Having exchanged long enough ago on my property for the elation of buying my first home to have passed and be replaced with the impending dread of having financially committed myself to what will likely be the single biggest purchase of my life, I have (somewhat understandably I think) begun to take a keen interest in how the property market will perform over the coming months and years.
Unfortunately, trying to predict what is likely to happen to the property market at the current time is far from easy. The main reason for this being the government’s crusade against, or perhaps persecution of, buy to let landlords. It is perhaps impossible to see where the recent changes in legislation will leave the property market in years to come. As is well documented, the restriction on interest relief for buy to let landlords could in due course lead to the farcical situation where landlords making a ‘real’ loss on a property portfolio would still end up facing a tax bill. If this is the case during periods of record low interest rates, imagine what could happen if interest rates were to rise?

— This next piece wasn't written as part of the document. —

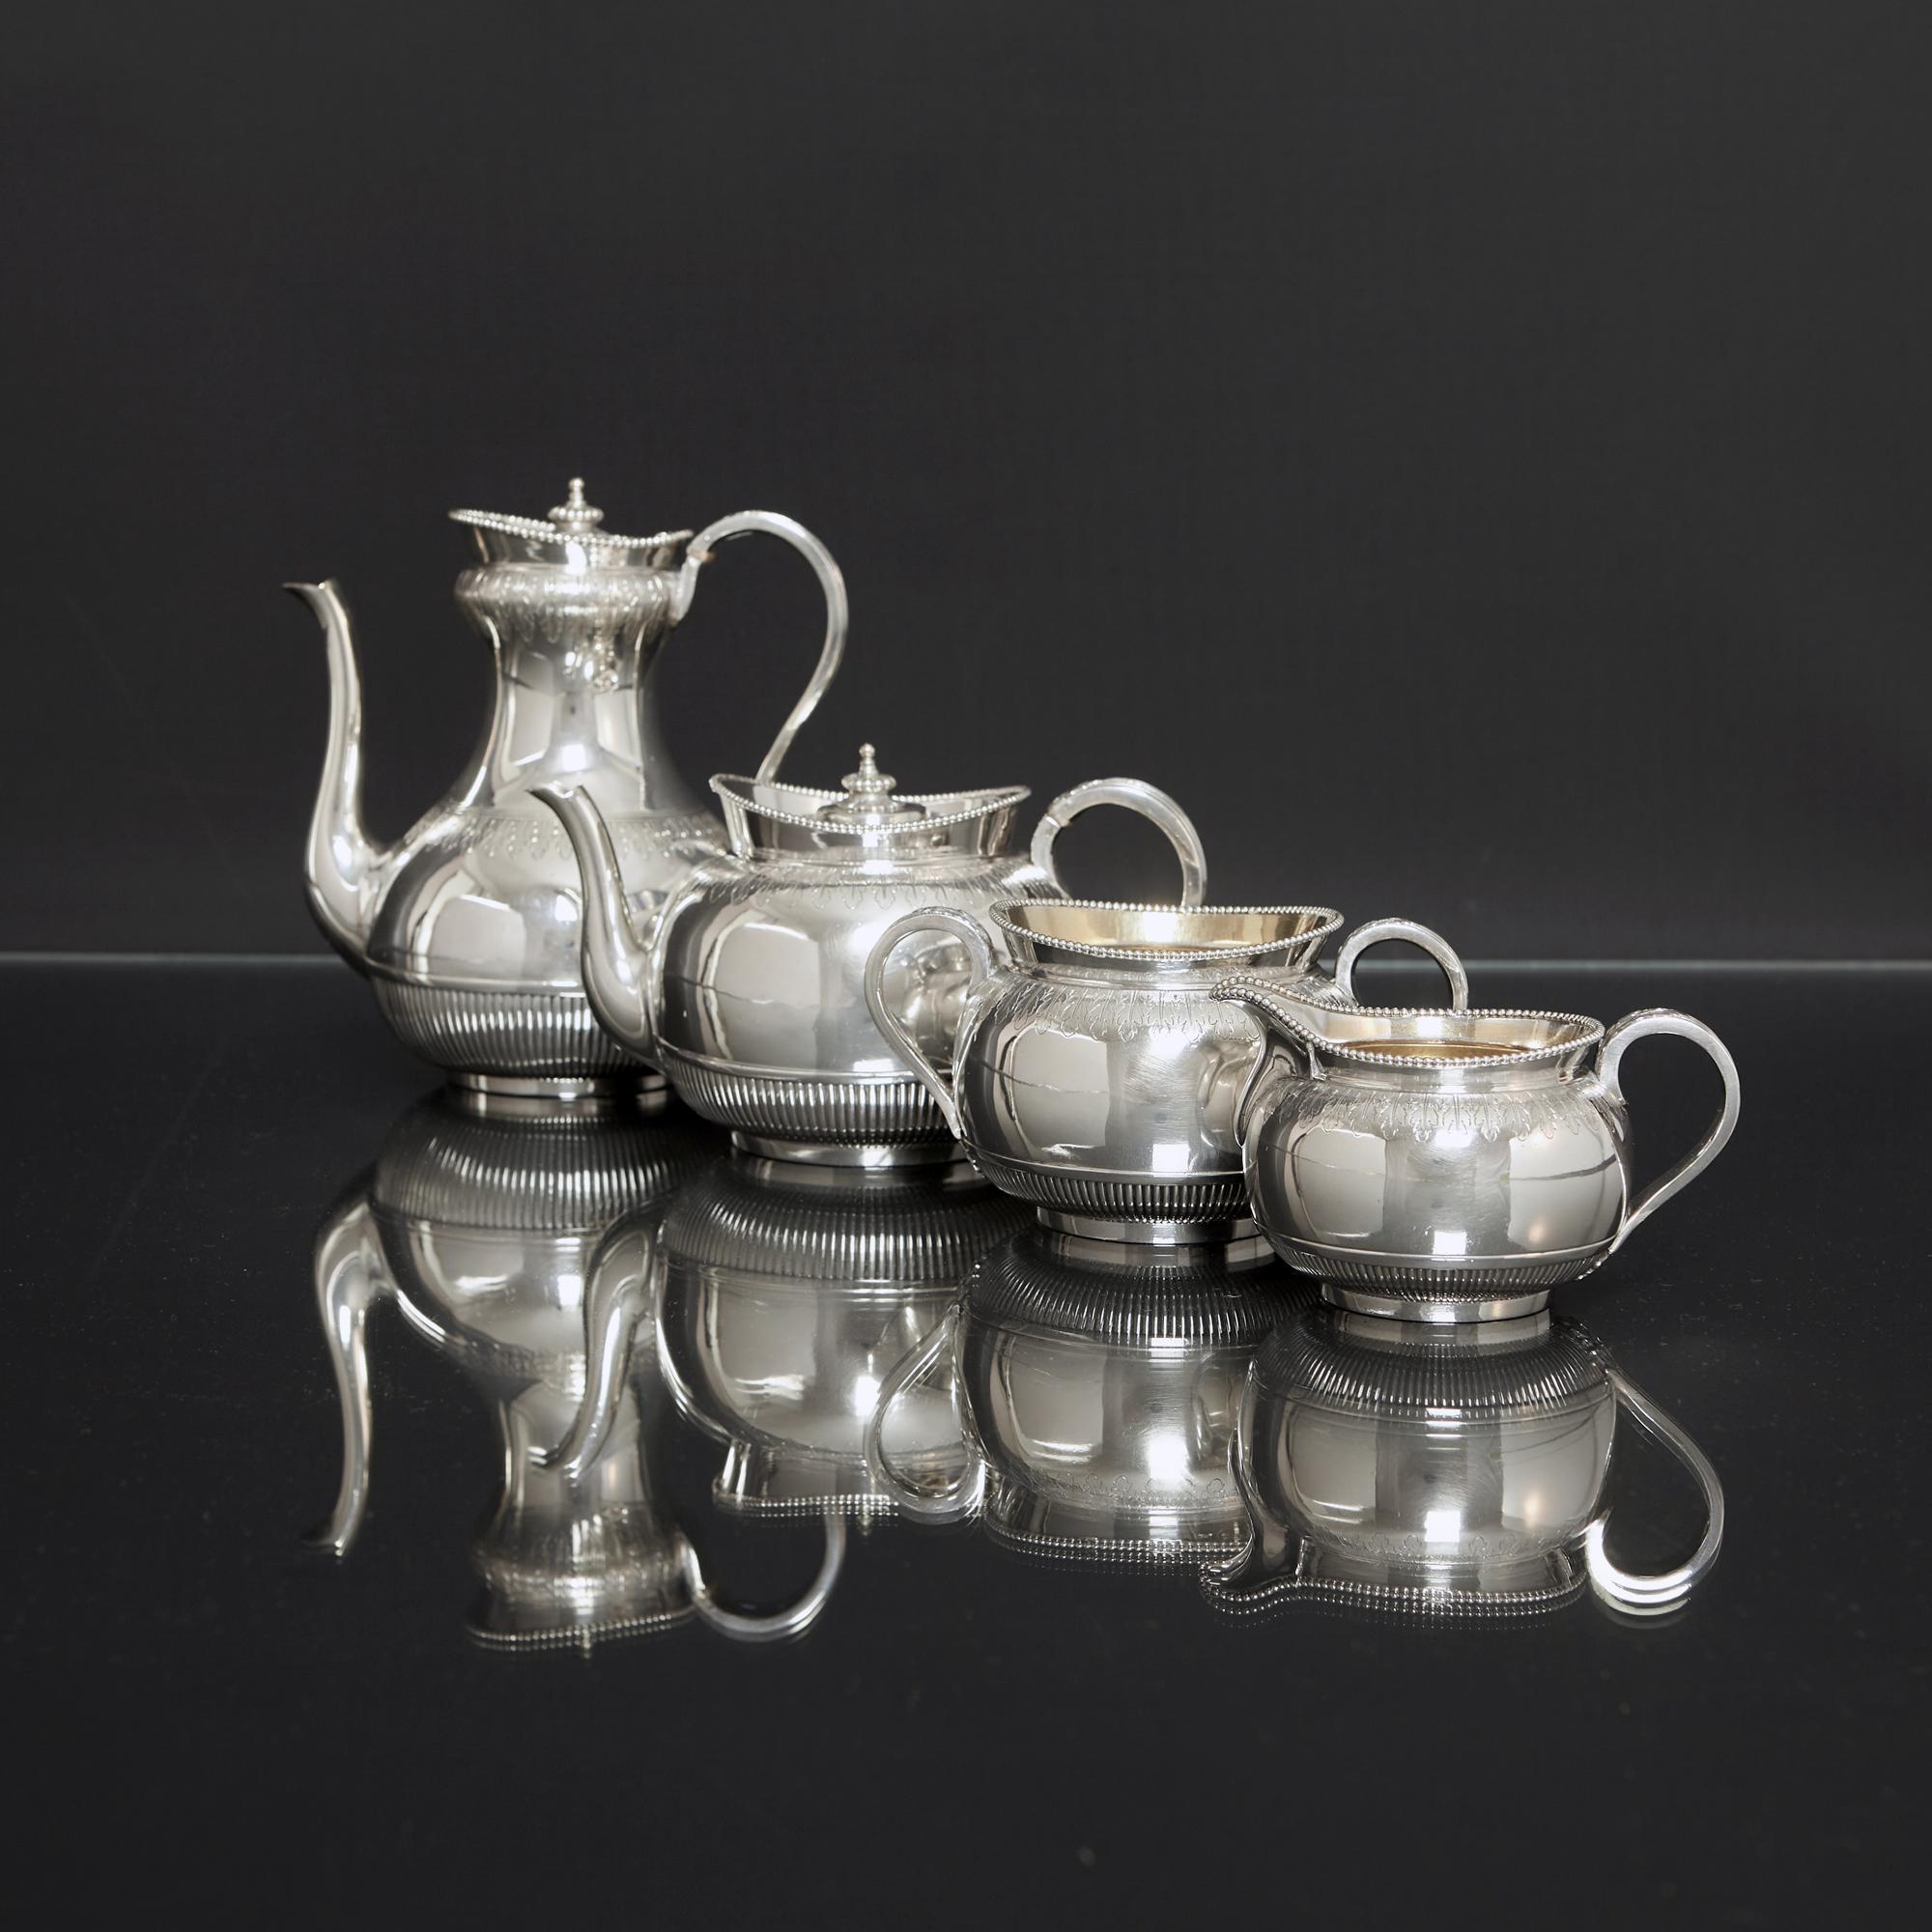 Elegantes vierteiliges viktorianisches Tee- und Kaffeeservice aus antikem Silber. Jedes Stück ist von Hand ziseliert und graviert, mit Akanthusblatt-Schürzen, feinen Rillen um den Boden des Körpers und einem eleganten Perlenmuster-Rand. Die

The above has still not dampened my enthusiasm to start my own property portfolio, this may seem like I am getting somewhat carried away given that it has taken me this long to buy my first property, however, I have always been a little prone to getting carried away! However, when I do start my portfolio, I think I will choose to hold it through a company as there is no restriction on interest relief and it allows for the rental profits to be taxed at the corporate rate applicable at the time, which is less than my personal marginal rate. This is not necessarily the best choice for everyone, but is likely to be for a large number of people.
If you are now thinking that you wished you were able to transfer your property portfolio into a company, but feel as though you are prohibited as it has latent gains and you don’t want to trigger Capital Gains Tax and stamp duty costs, then all is not necessarily lost as it is likely that you may be able to take advantage of some fairly generous exemptions and reliefs which will allow you to do so without triggering either of these taxes.
Finally, in my solicitor’s covering letter with the documents they sent for approval, they asked me if I had a Will. Now I do not, although I have considered it – despite being relatively young, however the rules of intestacy accurately reflect my wishes at this point of my life. My assets also do not exceed the current Nil Rate Band and therefore I need not give any consideration to tax planning. However, I hope that both of these factors will change in due course, and when they do I was amazed to think about what a good opportunity incorporating a portfolio afforded to future Inheritance tax planning.
It could be argued, validly, that I spend far too long thinking about things that are yet to pass. However, I suppose my retort would be; better to think about the future when you can still affect it than regretting not being proactive in the past when you could have been.